Data Conversions in CGI Programs (Original)
This page lists information about CGI output mode data conversions.
Contents
Data Conversions in CGI Programs
The server can perform ASCII to EBCDIC conversions before sending data to CGI programs. This is because the Internet is an ASCII world and the iSeries is primarily an extended binary-coded decimal interchange code (EBCDIC) world. The server can also perform EBCDIC to ASCII conversions before sending data back to the browser. You must provide data to a CGI program through environment variables and standard-input (stdin). HTTP and HTML specifications allow you to tag text data with a character set (charset parameter on the Content-Type header). However, this practice is not widely in use today (although technically required for HTTP1.0/1.1 compliance). According to this specification, text data that is not tagged can be assumed to be in the default character set ISO-8859-1 (US-ASCII). AS/400 correlates this character set with ASCII CCSID 819.
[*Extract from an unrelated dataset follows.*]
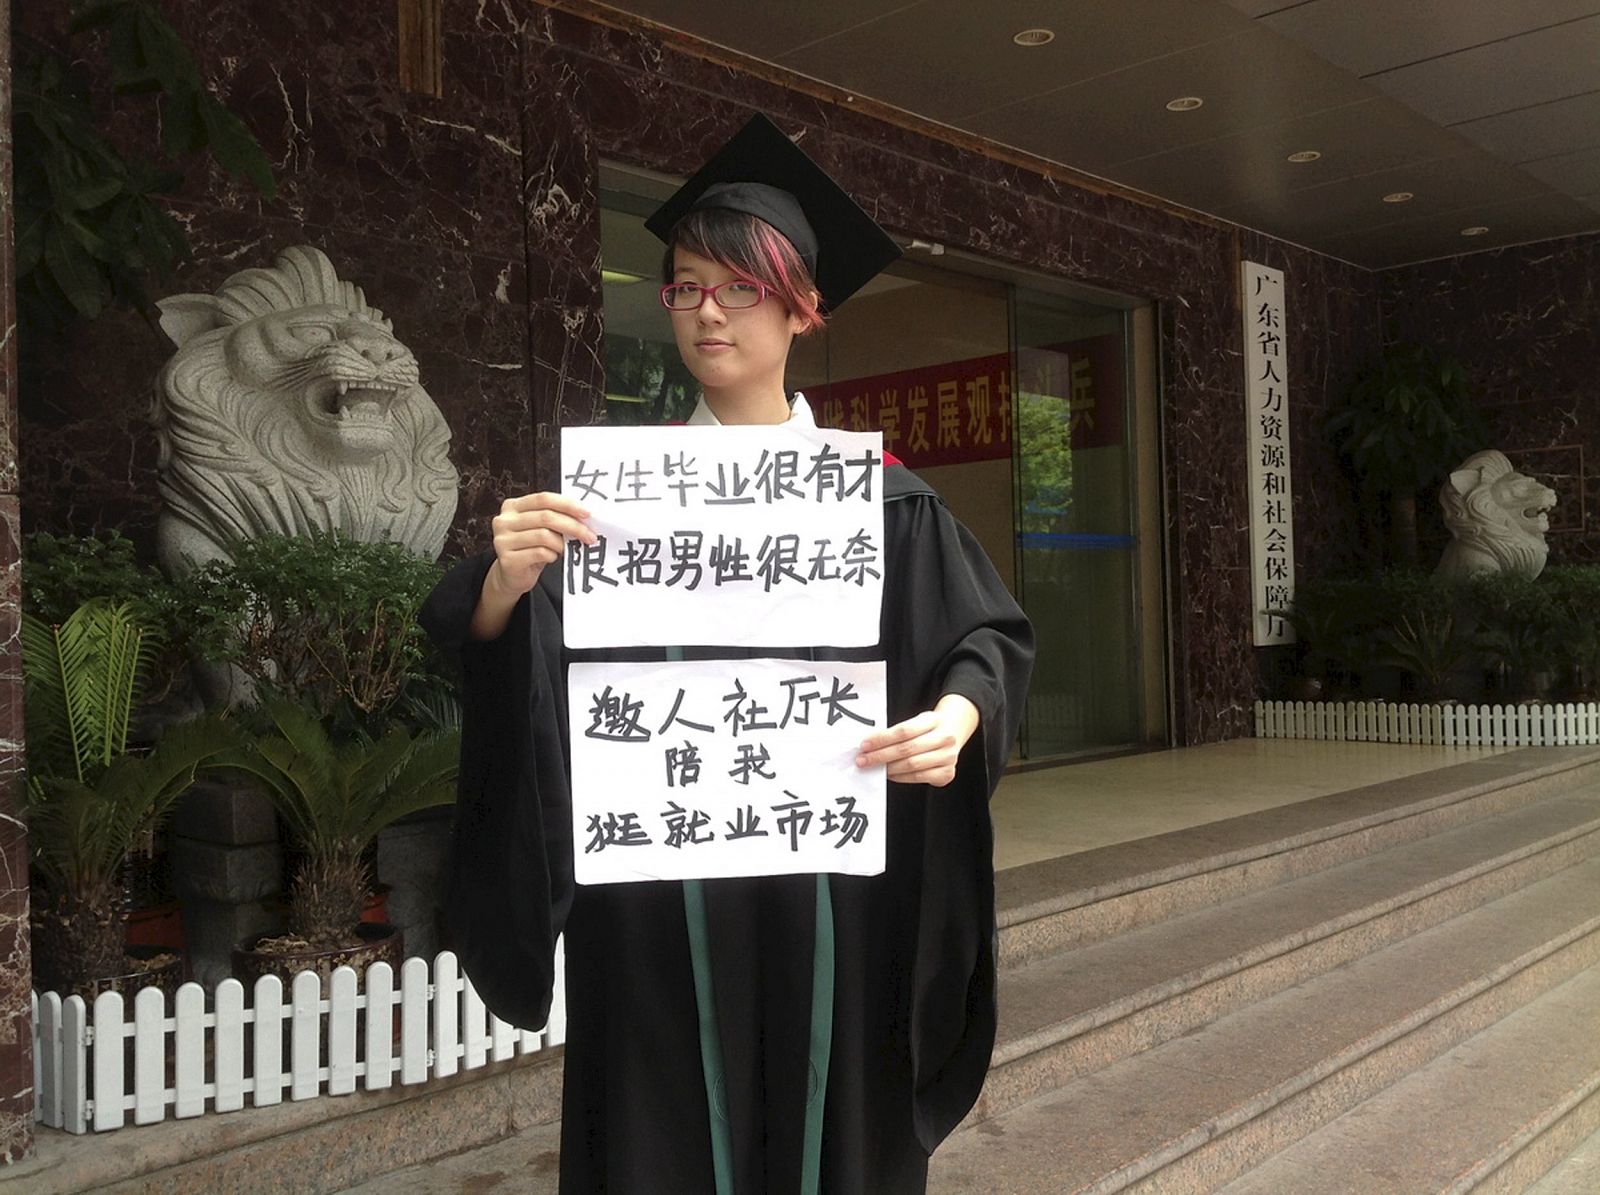 Fotografía de archivo de la activista feminista Zheng Churan. En el cartel se lee: "Las mujeres licenciadas tienen talento, contratar solo a hombres es frustrante"

There are basically three different ways the server can process the input to your CGI program. You can configure the server to control which mode is used by specifying an overall server directive (CGIMode or CGIConvMode) or an optional parameter on the Exec or Post-Script script directives:
CGIMode Mode
Exec request-template program-path [server-IP-address or hostname] [Mode]
Post-Script program_path_and_name [server-IP-address or hostname] [Mode]
Where x Mode is one of the following:
%%MIXED%% or %%MIXED/MIXED%% - This is the default.
%%EBCDIC%% or %%EBCDIC/MIXED%%
%%EBCDIC/EBCDIC%%
%%BINARY%% or %%BINARY/MIXED
%%BINARY/EBCDIC
%%BINARY/BINARY
%%EBCDIC_JCD%% or %%EBCDIC_JCD/MIXED%%
%%EBCDIC_JCD/EBCDIC%%
The CgiMode can be thought of as 2 logical pieces. The input and output mode. They are separated by the "/". If only the input mode is provided, the output mode is defaulted to MIXED for compatibility.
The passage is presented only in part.